Based on the foregoing, petitioner contends that the items purchased were ordinary and necessary expenses paid in connection with his chiropractic trade or business. Respondent contends that the disallowed expenditures were not ordinary and necessary, and, therefore, are not deductible.

Petitioner bears the burden of proving that respondent's determination is erroneous. Rule 142(a); Welch v. Helvering [3 USTC ╤ 1164], 290 U.S. 111 (1933).

Deductions are a matter of legislative grace, and petitioner bears the burden of establishing that he is entitled to any deductions claimed on his return and that respondent's determination is erroneous. Rule 142(a); Deputy v. Du Pont [40-1 USTC ╤ 9161], 308 U.S. 488, 493 (1940); New Colonial Ice Co. v. Helvering [4 USTC ╤ 1292], 292 U.S. 435, 440 (1934); Welch v. Helvering, supra at 115.

Section 162(a) provides in pertinent part that "There shall be allowed as a deduction all the ordinary and necessary expenses paid or incurred during the taxable year in carrying on any trade or business". The term "ordinary" has consistently been given the connotation of normal, usual, or customary in the particular field of business involved. There is no precise definition of the term; rather, it is a variable affected by time, place, and circumstance.
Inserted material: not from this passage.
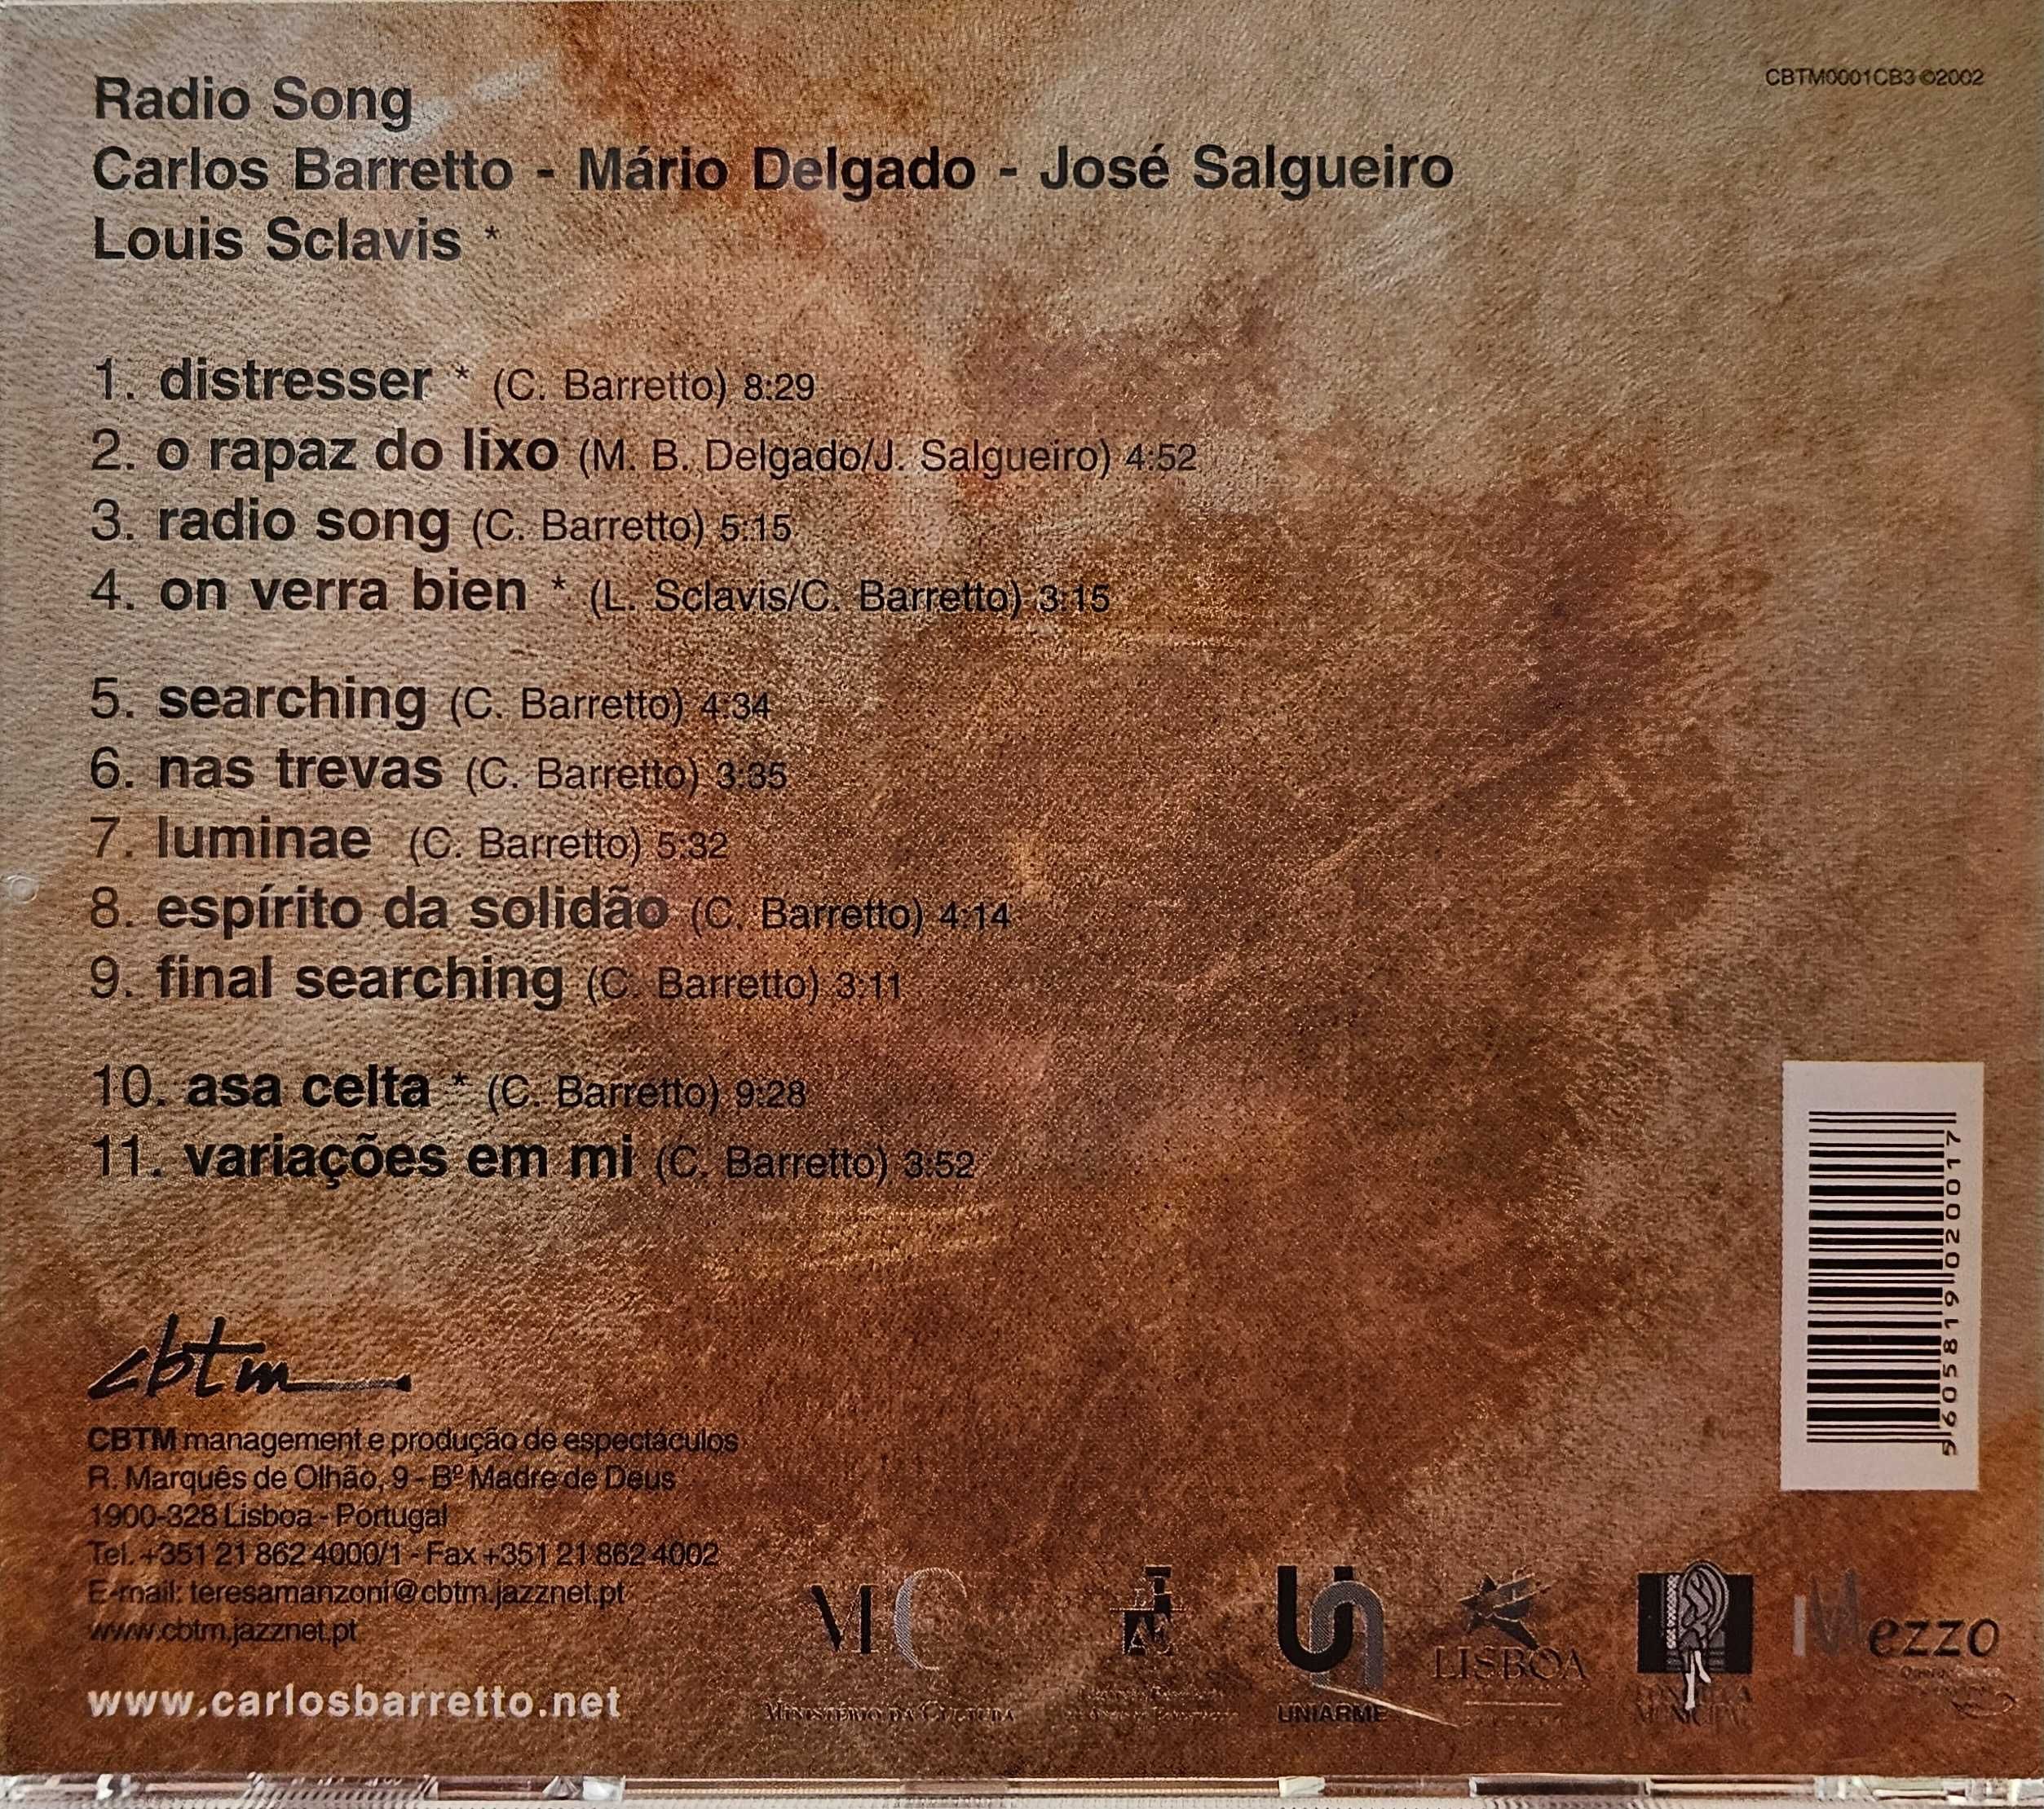 CD - Carlos Barreto Trio - Radio Song

The term "necessary" has been interpreted to mean appropriate and helpful in the development of the taxpayer's business. Deputy v. Du Pont, supra; Welch v. Helvering, supra. A remote or incidental business connection is not sufficient. Stolk v. Commissioner [Dec. 26,127], 40 T.C. 345, 357 (1963), affd. per curiam [64-1 USTC ╤ 9228] 326 F.2d 760 (2d Cir. 1964). Personal, living, or family expenses are not deductible. Sec. 262.

Whether the expenditures at issue meet the requirements of section 162(a) is a question of fact. It is unclear from the record which of the claimed expenditures were allowed by respondent. With respect to the large number of items unidentified in the receipts or substantiated only by copies of checks, petitioner's testimony as to the actual items purchased and their use in his practice was vague, general, and replete with self-serving conclusions. On this record, petitioner has failed to establish that any of the materials he purchased were of the type that could be considered ordinary for his trade or business. Further, petitioner failed to establish that the expenditures were necessary for purposes of section 162(a).

In sum, after reviewing the evidence, we are unable to find that petitioner has met his burden of proof as to the amounts disallowed by respondent because we cannot conclude that the expenditures in excess of those allowed by respondent were ordinary and necessary to petitioner's trade or business. Respondent's determination on this issue is sustained.

To reflect concessions of the parties,

Decision will be entered under Rule 155.